His shame and regret made my stomach hurt. “If I knew she was mine, if I had fought him for control or peaked out from the darkness, I could have been there and saved her.”

“Don’t put that on yourself. I don’t think she would blame you, but our dynamic is hard to explain.” I wanted to be honest with him in case she didn’t react as I expected.

“I don’t want to upset her by reminding her of her past, and I don’t want to risk her reproach.”

“Maybe we should just keep it to ourselves for now. We’ll figure out a way to explain how we know about Fafnir’s dragon.”

I felt his agreement as I turned my computer on and placed my calendar back on the desk. I’d torn eighteen days off. Eighteen days since we left for Sweden. It was laughable how much had changed in such a short time.

“I have to ask, though. Do you remember attacking us in the warehouse?”

“Attacking you?” Dralie repeated.

“It wasn’t long after Fafnir had been brought back to life. You’d been flying around.”

“I remember surging from the ground and then seeing something of interest, but so many people attacked me that I had to fight back. I flew for a long time until he took over and pushed me away again. The next time I awoke…”

He went quiet, and I regretted asking as he made that pained whimper again.

“I shouldn’t have asked,” I said quickly and waved my hand. “Don’t think about it.”

But it was too late. He cried, “I attacked you. He told me you were trying to kill us and I ? —”

I cut him off. Having a hysterical dragon crying in your mind at six in the morning was not a vibe. “He wasn’t wrong. We were trying to kill him, so don’t apologize for saving yourself. You’ve been through a lot, and it’s probably really confusing for you to sort through.”

I made a mental note to get his soul checked. After being risen from the dead twice and then being pushed into me, surely it will have an effect. Is there a soul doctor?

Or maybe the fact Fafnir pushed him away means he was saved from the poison of the dark magic? I don’t know.

Dralie asked quietly, “You truly don’t hold me responsible?”

I logged into my emails out of habit, but one immediately caught my eye.

Adam.

It read: “I’ve found the bastard who hacked me and got him back. If you want the details, call me.”
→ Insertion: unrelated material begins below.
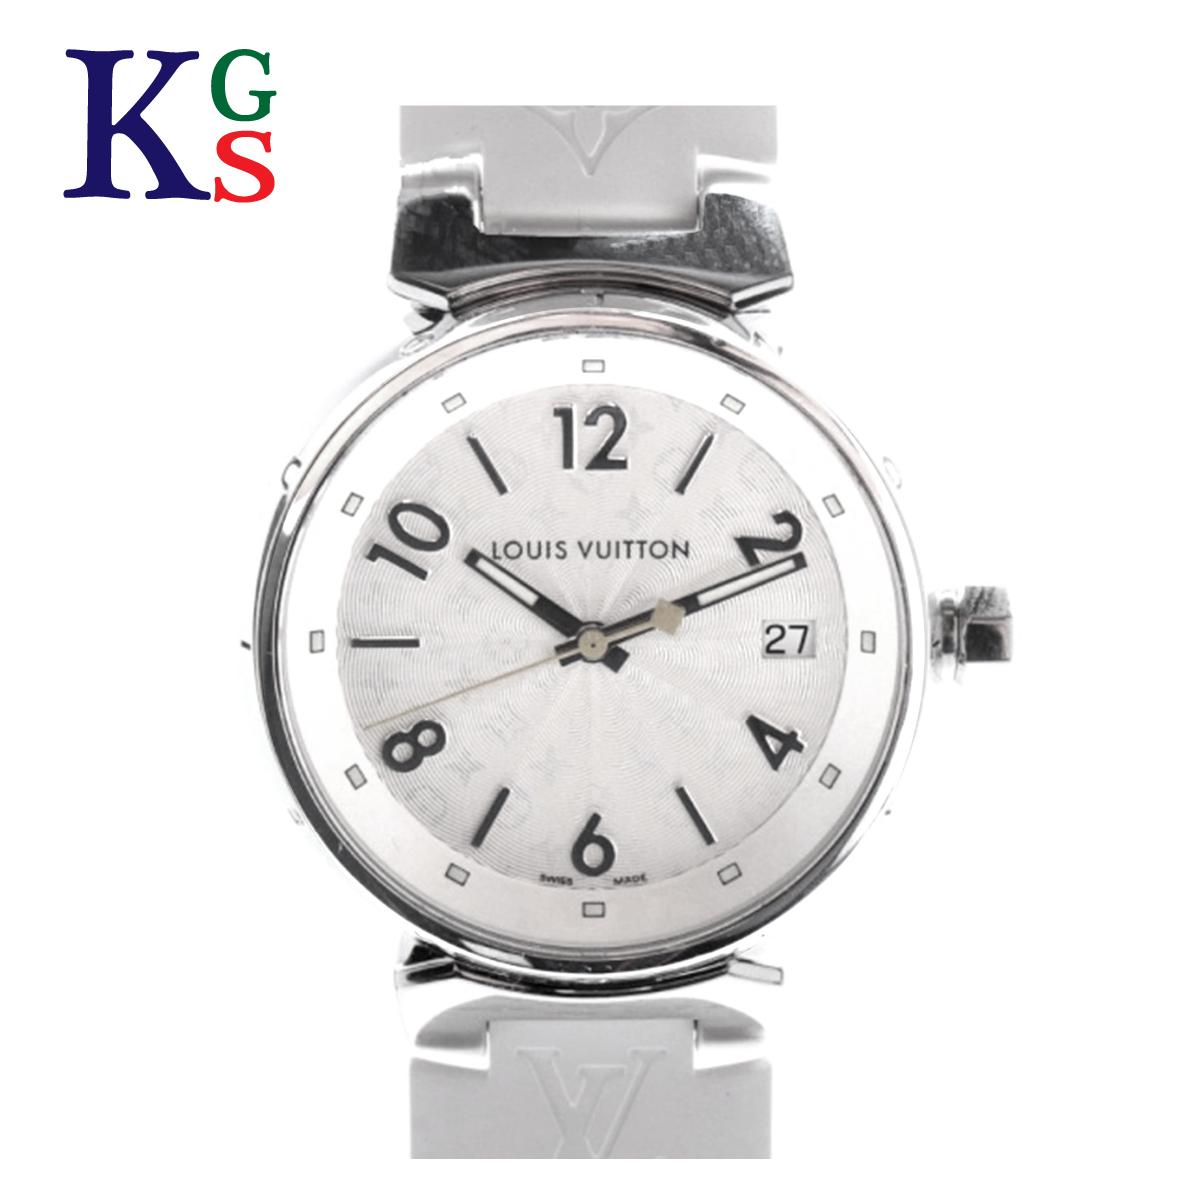 【ギフト品質】ルイヴィトン/Louis Vuitton レディース 腕時計 タンブールMM ホログラム ホワイト文字盤 ステンレススチール×ラバーベルト Q1313

I smiled. “I don’t blame you at all. Tomorrow’s another day, Dralie, and once we’ve got all our cards on the table, everything is going to be fine.”
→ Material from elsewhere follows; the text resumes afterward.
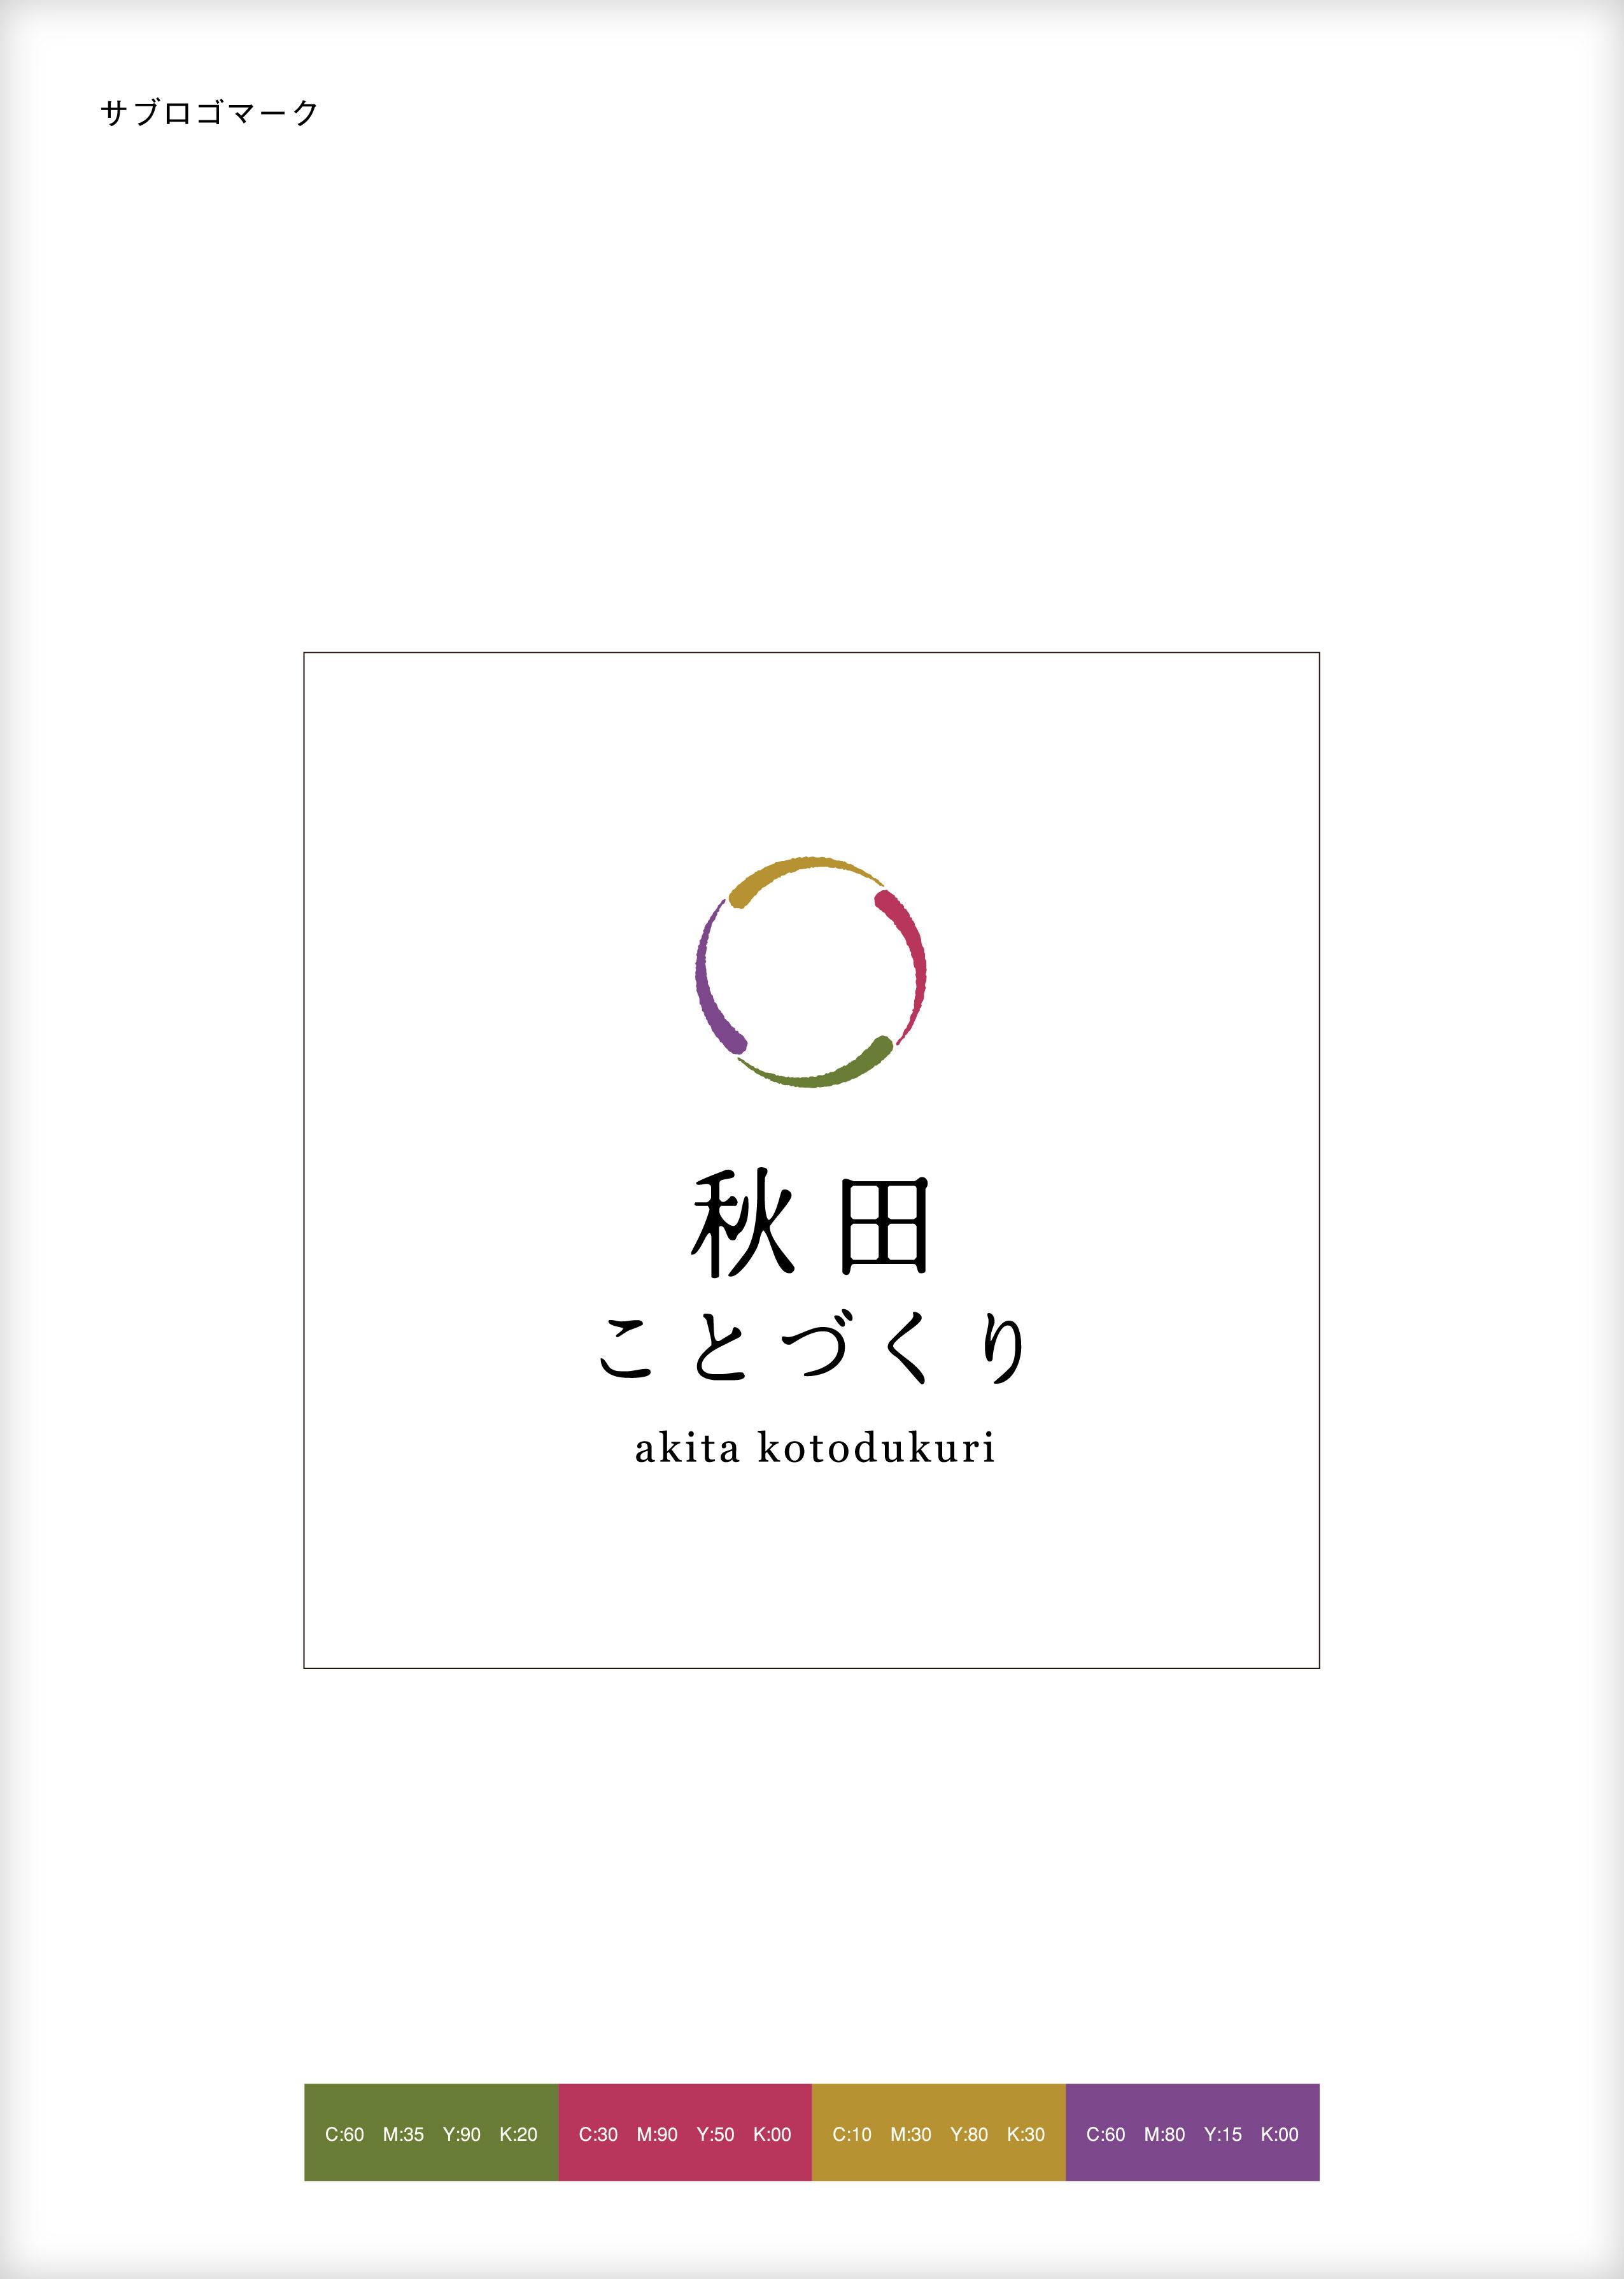 akita_kotodukuri03

Banging woke me up. With bleary eyes, I checked the clock on the wall to see it was midday. I’d had a good few hours’ sleep, and if whoever was banging would fucking stop, I could go back to sleep.

I stretched, my arms crossing the side of the bed where my familiar should have been, and woke up properly. The sheets were warm, so she hadn’t been gone long.
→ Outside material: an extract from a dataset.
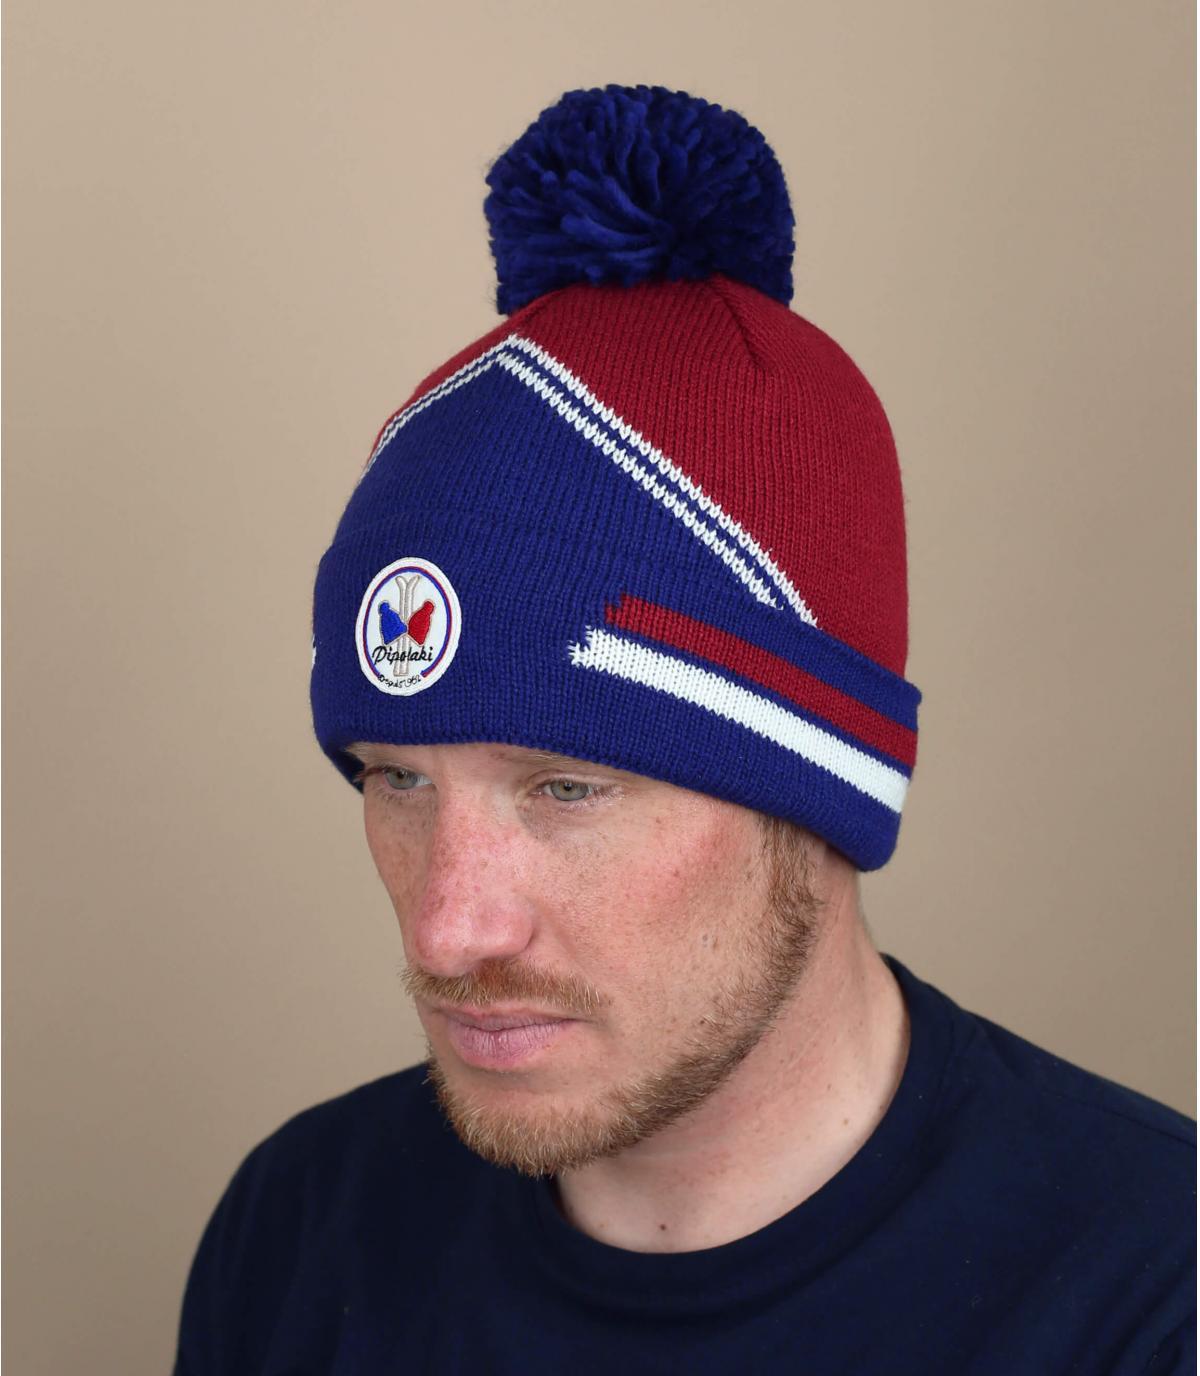 bordeaux blauwe ski-hoed

Is she the one making all the noise? She’s been acting weird lately, so I wouldn’t put it past her.

As I threw some joggers on, I remembered the flashes of guilt that crept into her expression when she thought I wasn’t looking.

I knew she was keeping secrets from me. She seemed to have forgotten about my special talent of finding things out. But I didn’t address it with her or look into it.

I was glad she was hiding something, because now it meant that she wouldn’t be looking too closely at my face and seeing my secrets. I gave into the distraction she offered because I trusted that she’d confess eventually.

I opened the office door to be met with angry purple eyes narrowed at me. Clawdia had her back to the front door, which shook with the relentless knocking of someone outside.

I groaned and said, “There’s only one person who could make you want to kill me with your eyes.”